Transcribe all of the data exactly. Omit the pictures.

--- Data segment ---
::::::::

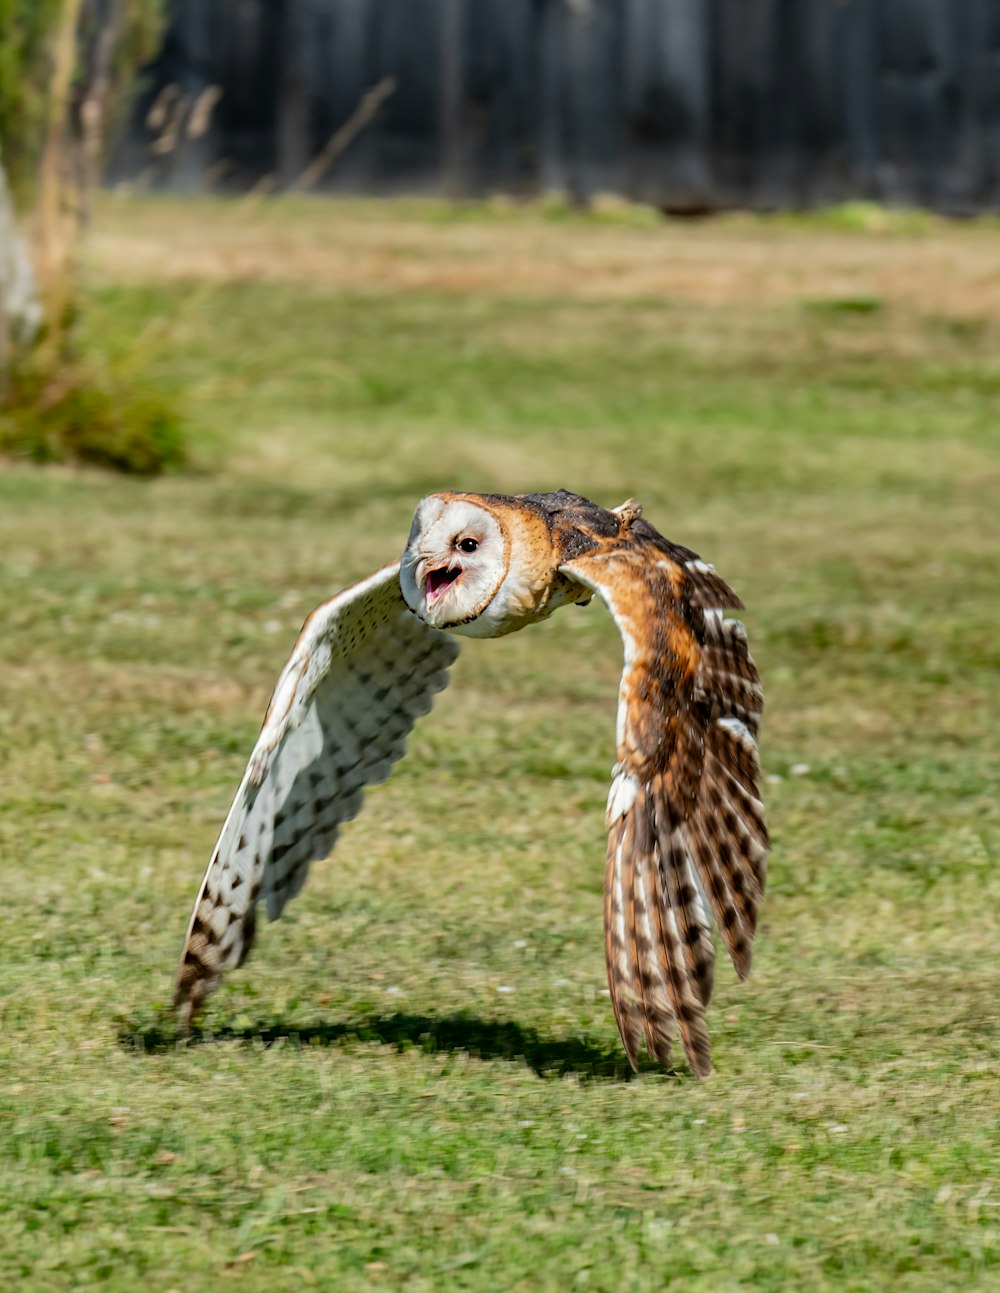 an owl is flying in the air over the grass
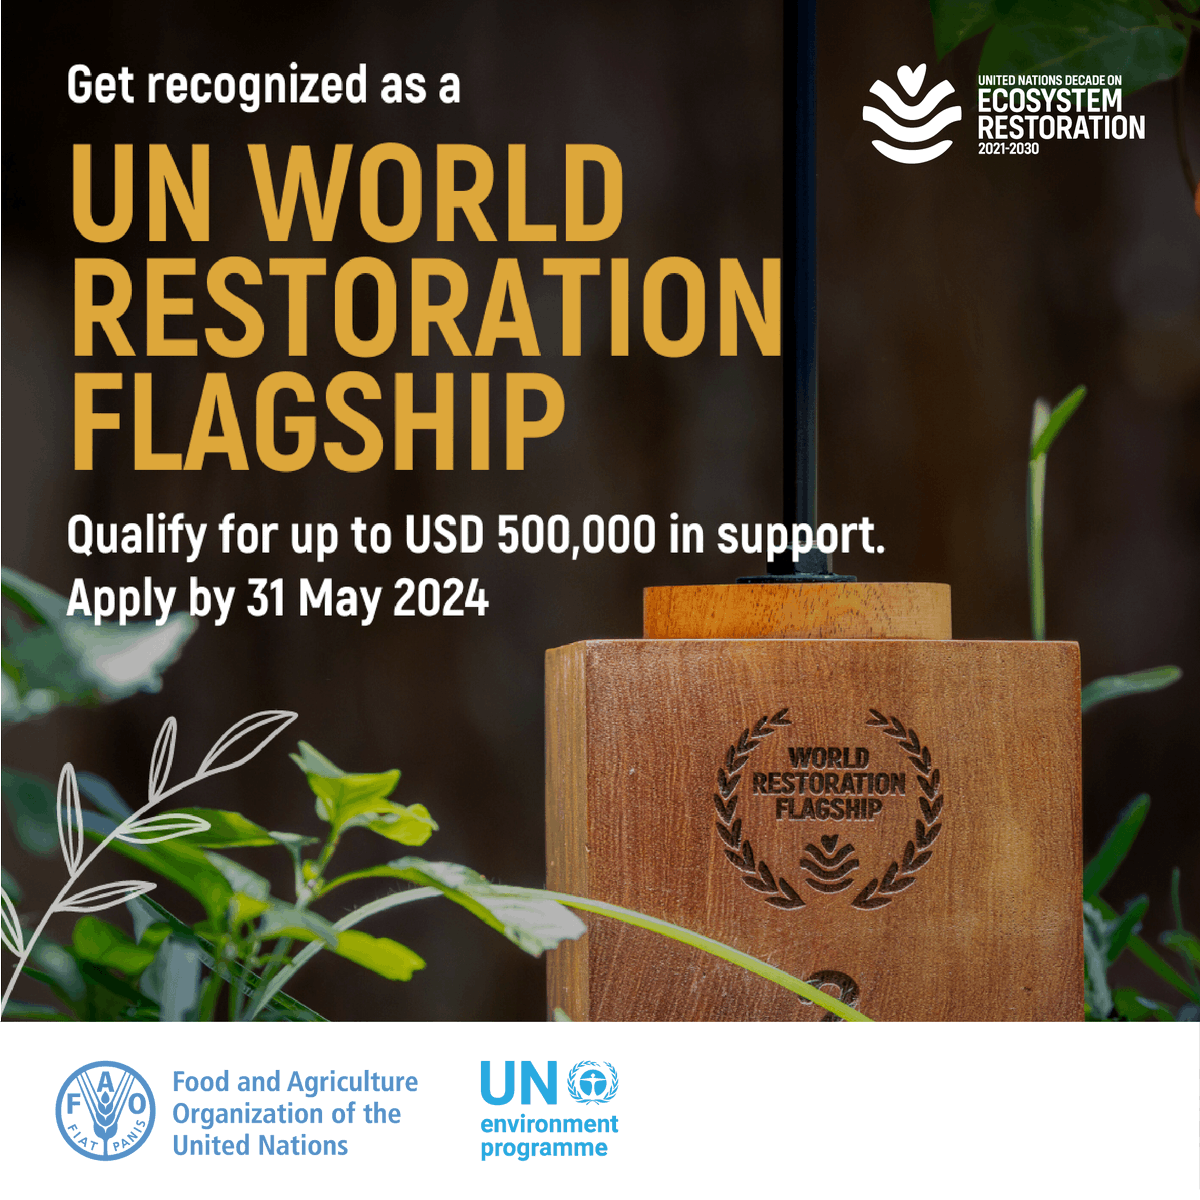 Are you from a country or region whose efforts in restoring an ecosystem could inspire others around the world? Get recognized as a World Restoration Flagship under the UN Decade on Ecosystem Restoration! Apply by 31 May 👉bit.ly/442x3ZL #GenerationRestoration
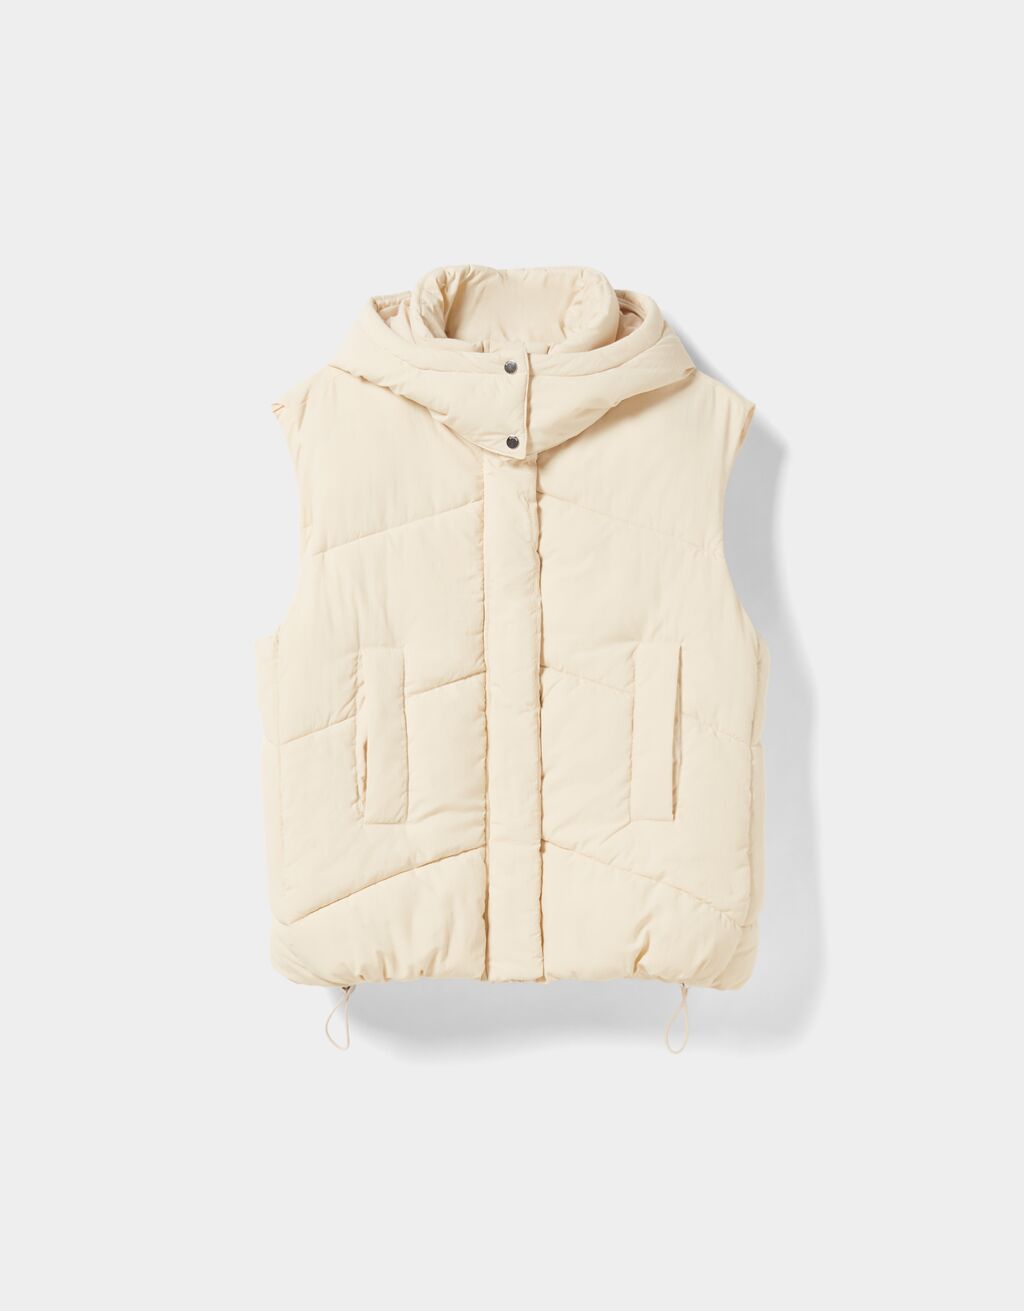 Oversized puffer gilet with hood

::::::::

--- Solution to this problem ---
 an owl is flying in the air over the grass
 Are you from a country or region whose efforts in restoring an ecosystem could inspire others around the world? Get recognized as a World Restoration Flagship under the UN Decade on Ecosystem Restoration! Apply by 31 May 👉bit.ly/442x3ZL #GenerationRestoration
 Oversized puffer gilet with hood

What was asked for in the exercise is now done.